Pope comments on Islam: Al Qaeda in Iraq vows to conquer Rome

Published September 18th, 2006 - 11:56 GMT

Al Qaeda in Iraq vowed war on "worshippers of the cross" and protesters burned a papal effigy on Monday over Pope Benedict's remarks on Islam. The statement by an umbrella group led by Iraq's branch of al Qaeda said "We tell the worshipper of the cross (the Pope) that you and the West will be defeated, as is the case in Iraq, Afghanistan, Chechnya."

 

"We shall break the cross and spill the wine ... God will (help) Muslims to conquer Rome ... (May) God enable us to slit their throats, and make their money and descendants the bounty of the mujahideen," said the statement. The statement cited a hadith (saying of the Prophet Mohammed) promising Muslims they would "conquer Rome ... as they conquered Costantinople."

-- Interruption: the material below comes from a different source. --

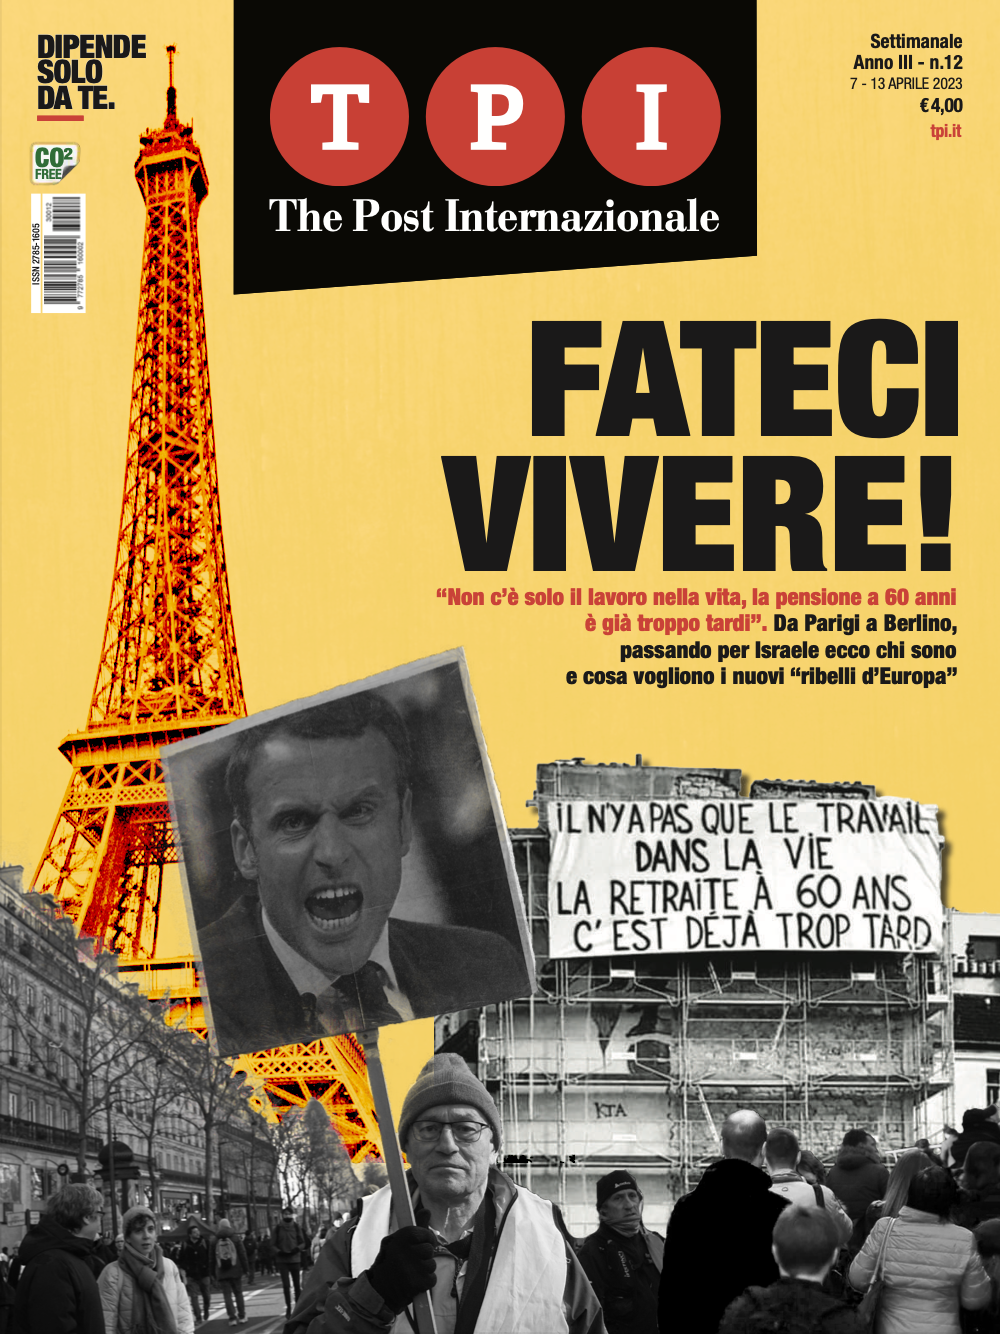 The Post Internazionale

In Iraq's southern city of Basra, up to 150 demonstrators chanted slogans and burned a white effigy of the Pope.

 

On his part, French President Jacques Chirac refused on Monday to criticize the 79-year-old Pontiff, but called for a more diplomatic use of language. "It is not my role or my intention to comment on the Pope's statements. I simply want to say, on a general level ... that we must avoid anything that excites tensions between peoples or between religions," Chirac said on Europe 1 radio.